Perception
Perception is an important mediating cognitive process. Through this complex process, persons make interpretations of the stimulus or situation they are faced with. Both selectivity and organisation go into perceptual interpretations. Externally, selectivity is affected by intensity, size, contrast, repetition, motion and novelty and familiarity. Internally, perceptual selectivity is influenced by the individual’s motivation, learning and personality. After the stimulus situation is filtered by the selective process, the incoming information is organised into a meaningful whole. Individual differences and uniqueness are largely the result of the cognitive processes. Although there are a number of cognitive processes, it is generally recognised that the perceptual
process is a very important one that takes place between the situation and the behaviour and is most relevant to the study of organisational behaviour. For example, the observation that a department head and a subordinate may react quite differently to the same top management directive can be better understood and explained by the perceptual process.
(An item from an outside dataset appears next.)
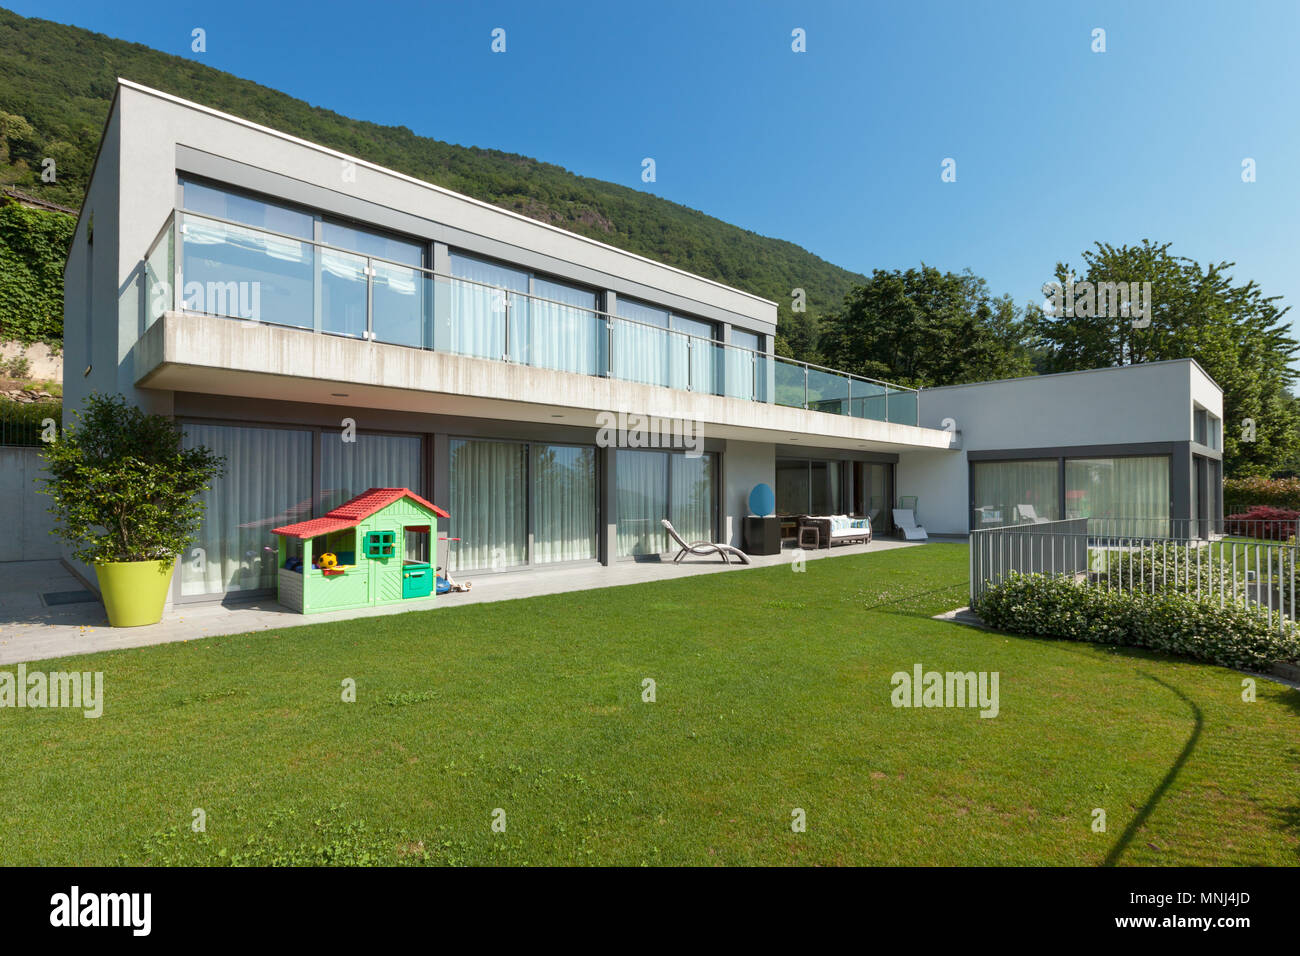 L'architecture, la maison blanche moderne avec jardin, en plein air Banque D'Images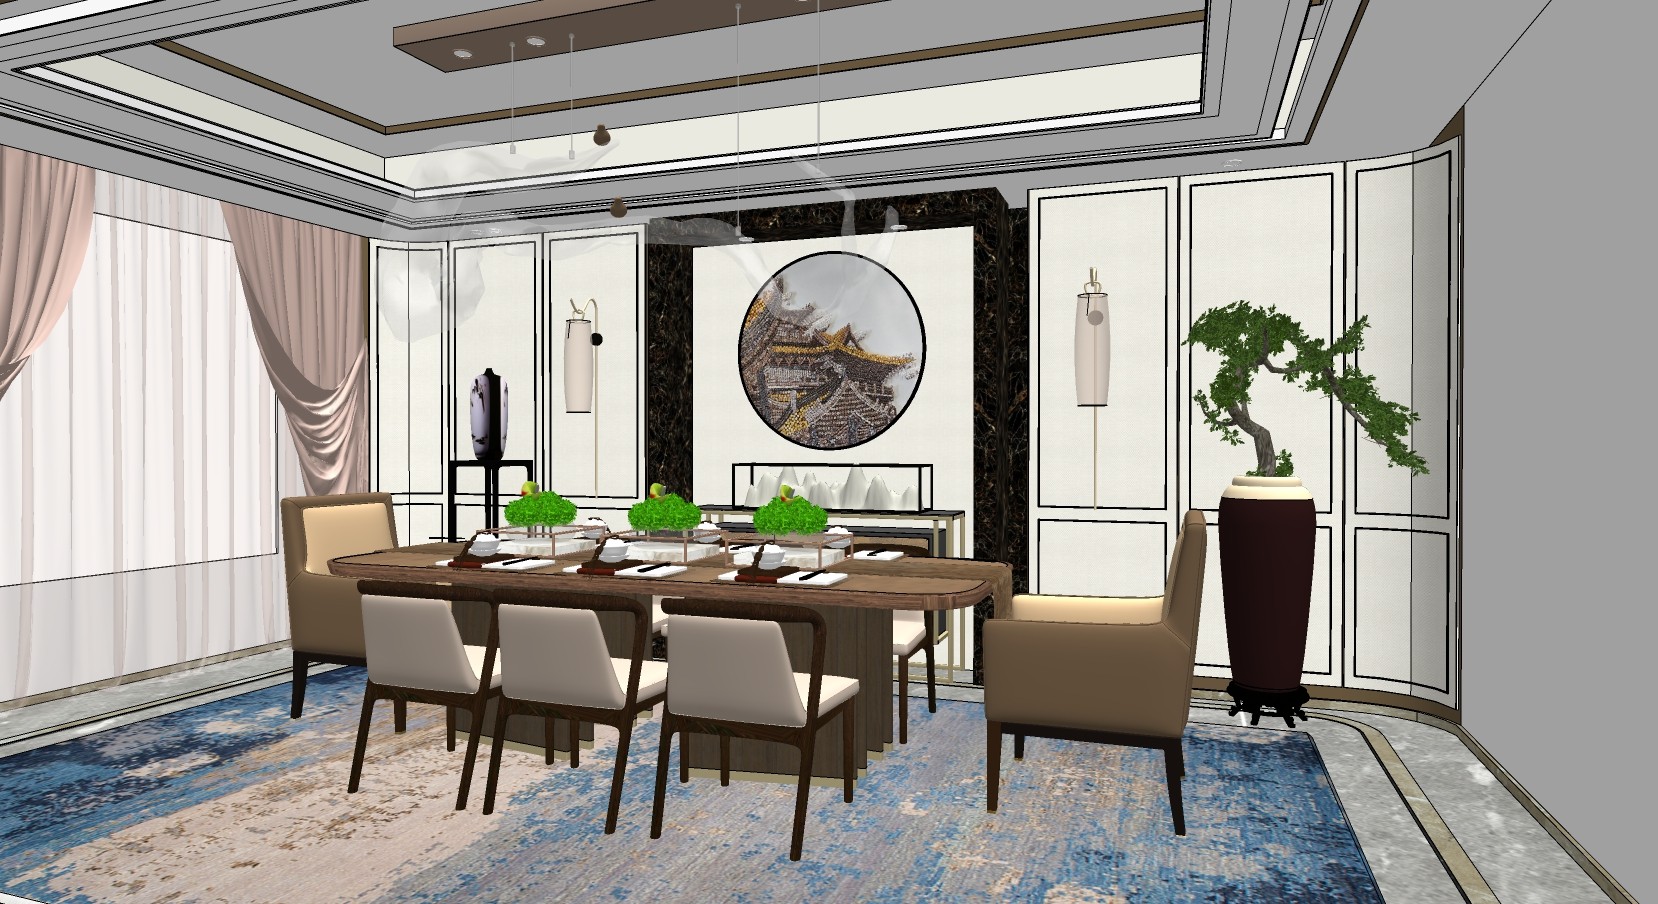 新中式餐厅I su草图模型下载

In the process of perception, people receive many different kinds of information through all five senses, assimilate them and then interpret them. Different people used to perceive the same information differently.
Perception plays a key role in determining individual behaviour in organisations. Organisations send messages in variety of forms to their members regarding what they are expected to do and not to do. In spite of organisations sending clear messages, those messages are subject to distortion in the process of being perceived by organisation members. Hence managers need to have a general understanding of basic perceptual process.
Basic Perceptual Process :
Perception is influenced by characteristics of the object being perceived and of the person and by situational processes.
• Characteristics of the object include contrast, intensity, movement, repetition and novelty.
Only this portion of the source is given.